## EXERCISE REQUIREMENTS:
Of the lines listed below, return exactly those that run from the line containing "Jersey Stripe Print Skirt in Navy" through the line containing "Close up view", both included.

## DATA:
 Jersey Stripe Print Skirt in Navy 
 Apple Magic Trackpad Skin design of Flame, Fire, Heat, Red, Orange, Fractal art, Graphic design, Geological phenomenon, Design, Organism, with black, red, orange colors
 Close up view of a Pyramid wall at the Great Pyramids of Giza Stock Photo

---

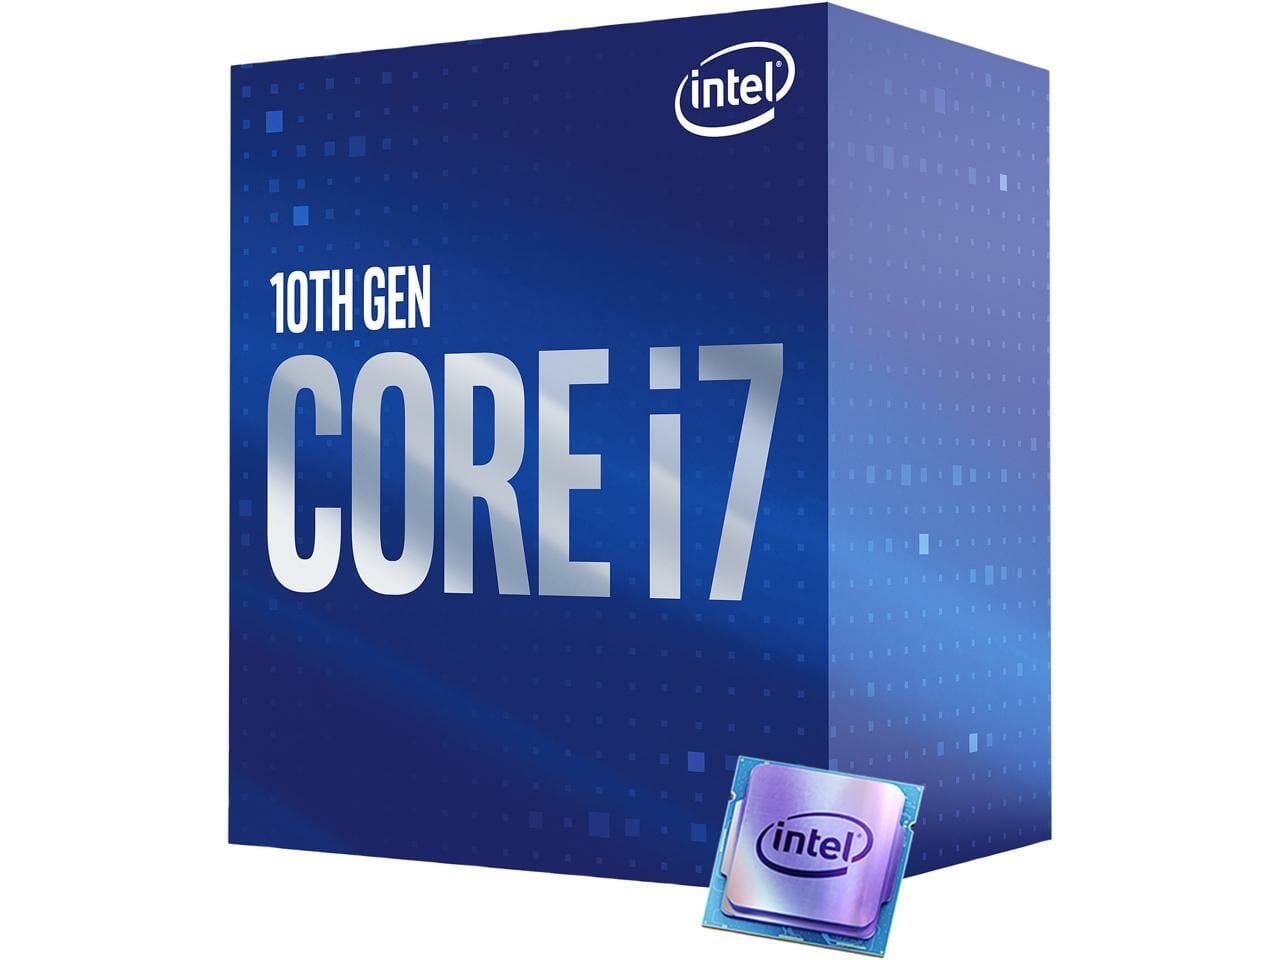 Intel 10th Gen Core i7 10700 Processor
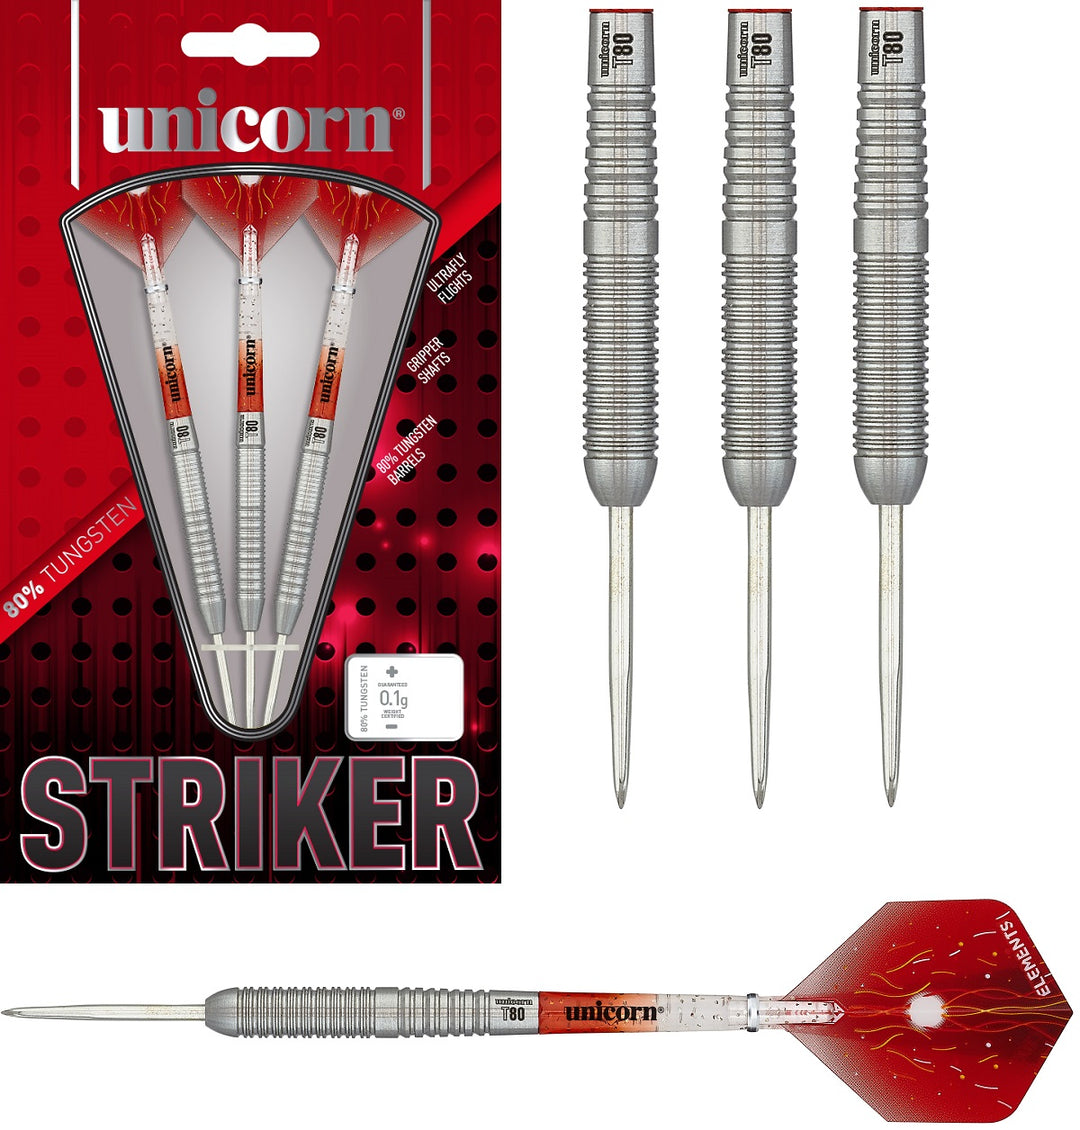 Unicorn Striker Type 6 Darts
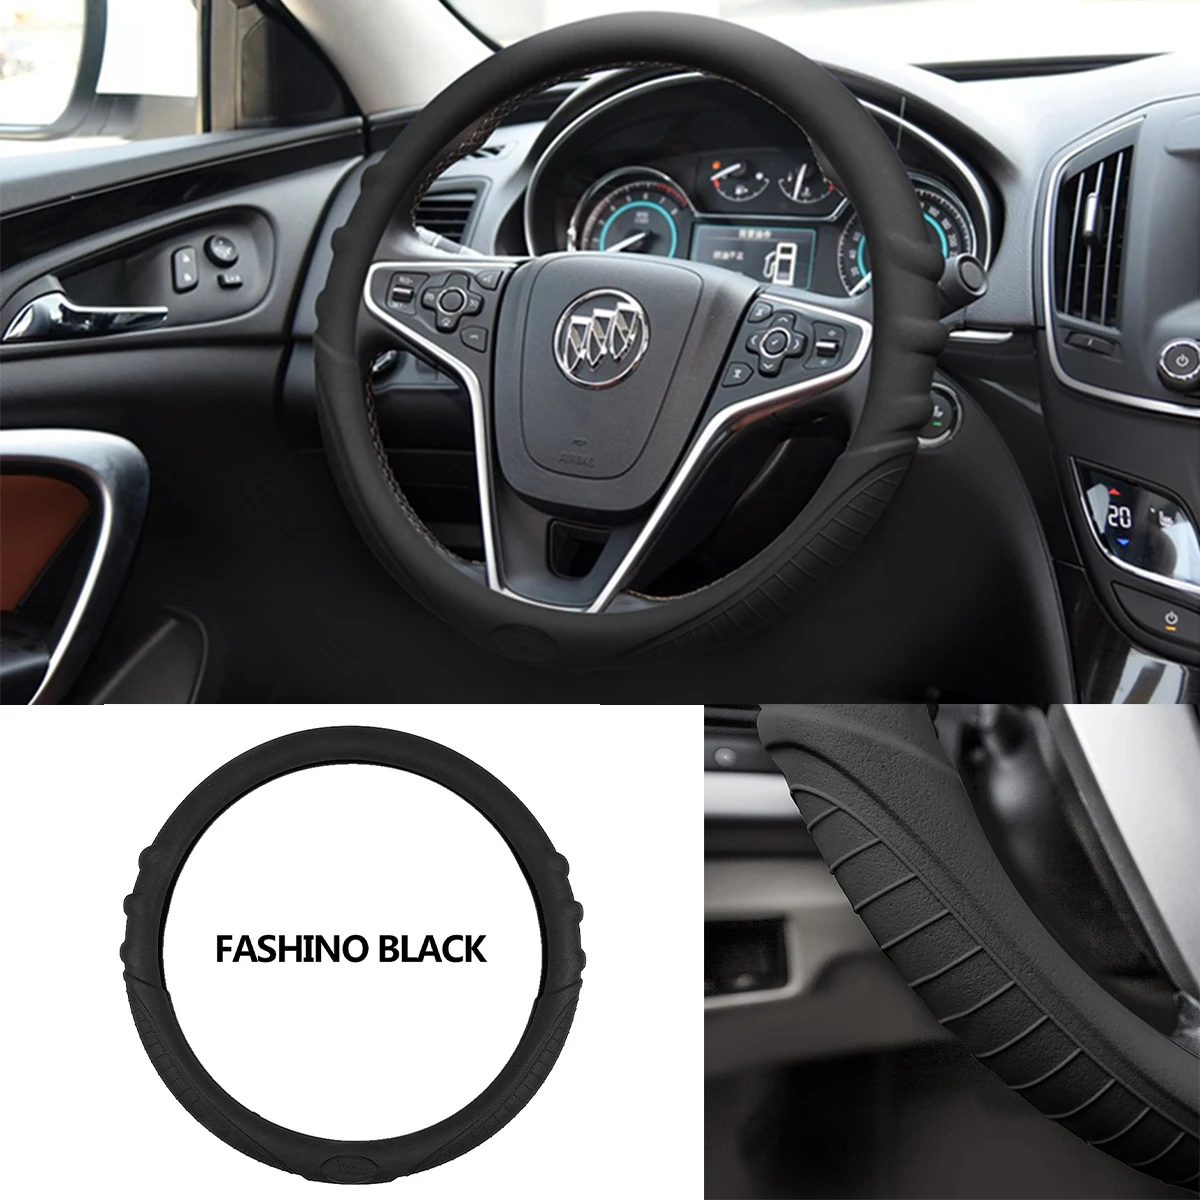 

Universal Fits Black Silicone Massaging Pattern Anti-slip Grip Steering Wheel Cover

## ANSWER BOX:
 Jersey Stripe Print Skirt in Navy 
 Apple Magic Trackpad Skin design of Flame, Fire, Heat, Red, Orange, Fractal art, Graphic design, Geological phenomenon, Design, Organism, with black, red, orange colors
 Close up view of a Pyramid wall at the Great Pyramids of Giza Stock Photo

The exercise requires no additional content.